Иван Иваныч перевернулся на спину и лежал с закрытыми глазами. «Делает вид, что спит», – подумал Чумаков, но он знал, что Иван Иваныч не спит, просто не может преодолеть страх и пытается спрятаться от него и спрятать страх от начальника. Говорить, по сути, было не о чем, не в том состоянии пребывал начлаб, чтобы вести сейчас долгие беседы. Надо было встать и уйти, но Тимофей, человек деликатный, не мог придумать, как это сделать, чтобы не обидеть, чтобы в его скором уходе Иван Иваныч не углядел своей безнадёжности. Всё-таки на прощанье Тимофей решил сказать по-мужски, что надо взять себя в руки, преодолеть страх, который может доконать, и тогда никакие врачебные усилия, никакие профессора не помогут. Решил сказать, но… не сделал этого. Понял: Иван Иваныч не готов принять подобные слова, они пройдут мимо его сознания.

– Что ж, отдыхайте, готовьтесь морально, Иван Иваныч, – сказал Тимофей. – Вот увидите, всё будет хорошо.

– Спасибо вам, – едва слышно проговорил Иван Иваныч и, не дожидаясь, когда Чумаков уйдёт, повернулся лицом к стене.

На лестничной площадке курил дежурный врач.

– Скажите, чего можно ждать от операции? – спросил Тимофей.

Старый доктор внимательно взглянул на Тимофея: сказать, не сказать?

– Простите, вы ему кто?

– Директор института, в котором он служит.

– Ничего хорошего, скажу я вам.

– Что, совсем никакой надежды?

– Почти никакой, – ответил врач. – Конечно, будет сделано всё, что в наших силах, для того мы здесь и обретаемся, но…

– Жаль. Хороший человек.

– Всех жаль, но это мало чему помогает.

– И всё-таки.

– Я наблюдаю за ним несколько дней и скажу вам прямо: он уже умер.

– Как так?

– Его сожрал страх. У него напрочь отсутствует воля, он не борется, а это плохой признак, уж поверьте моему опыту.

– Да, я заметил в нём этот страх. И всё-таки уповаю, – он поймал себя на том, что ни с того ни с сего заговорил словами из прошлого, – уповаю на искусство хирургов.

– Да-да, – сказал врач, но было видно, что разговор уже стал ему неинтересен.

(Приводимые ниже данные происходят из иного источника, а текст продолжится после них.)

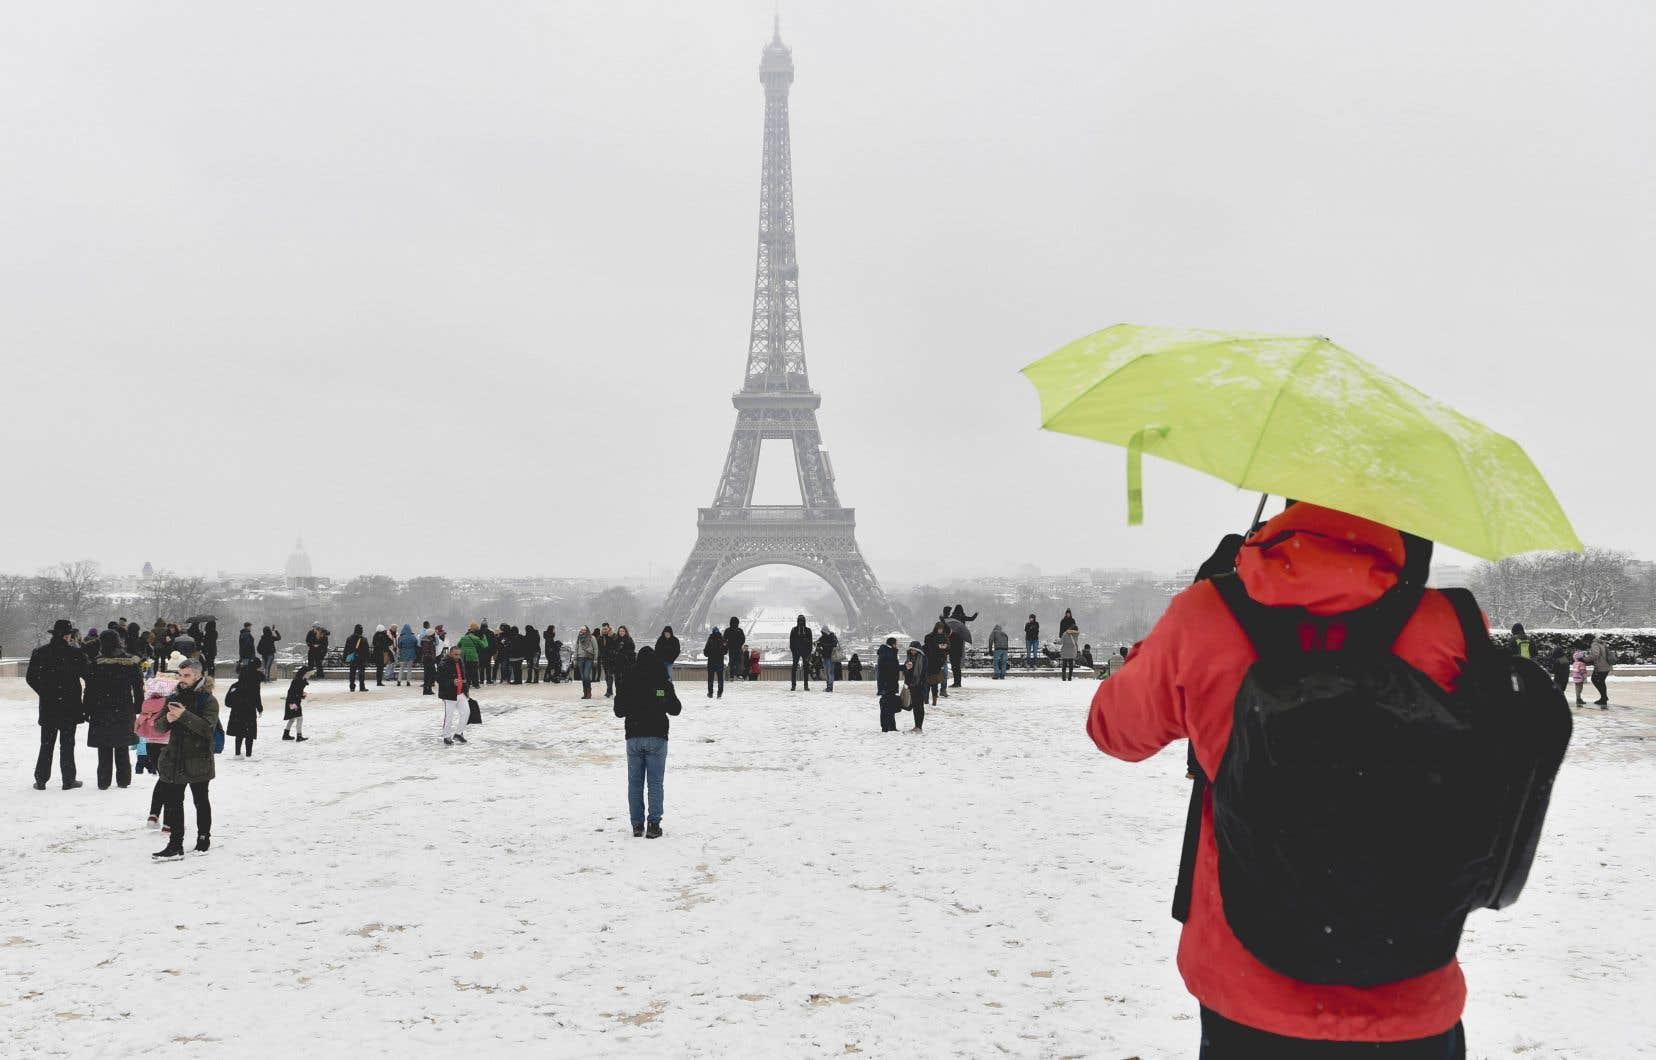 L'Institut de recherche de Potsdam sur les effets du changement climatique présume que la vague de froid que connaît aujourd'hui l'Europe résulte du réchauffement néfaste de l'Arctique, donnant raison à l'écosocialiste Ian Angus.

– До свиданья. Спасибо вам.

Тимофей спустился по лестнице, взял пальто и, не надевая, пошел к выходу.

– До свидания, – сказал он «церберу», но тот уткнулся в газету, не ответил. Всё ещё злился.

4

Он вышел на Страстной бульвар и медленно направился в сторону Пушкинской площади. По ту и по другую сторону бульвара жилых домов не было, в эту пору окна оказались тёмными, и стояла такая тишина, будто во всём мире только и было, что этот бульвар и он, Тимофей. В слабом свете фонарей голые деревья казались тенями. На скамейках одеялами лежал вчерашний снег. Тимофей снял перчатку, зачерпнул рукой снег и стал его есть. Совсем как в детстве. Мама – он давно позабыл её лицо – говорила ему: не ешь снег, заболеешь. У него действительно было слабое горло, и ангина частенько донимала его, даже летом. Потом ему удалили гланды, и с возрастом это прошло. Теперь уже мама ничего не скажет. Ничего и никогда. Как давно уже никто не может ему сказать: не делай этого, не делай того. А лучше не стало. Вот ещё Иван Иваныч. Может, не нужно было к нему ходить. Ничем он ему не помог, а понимание, что человек обречён, оптимизма не прибавляет. «Хороший был человек Иван Иваныч», – подумал Тимофей и о вдруг поймал себя на том, что размышляет в прошедшем времени. В лаборатории все любили Иван Иваныча, и работник он хороший. Замена, конечно, найдётся, сколько их, молодых, подпирают «стариков», пора давать им дорогу.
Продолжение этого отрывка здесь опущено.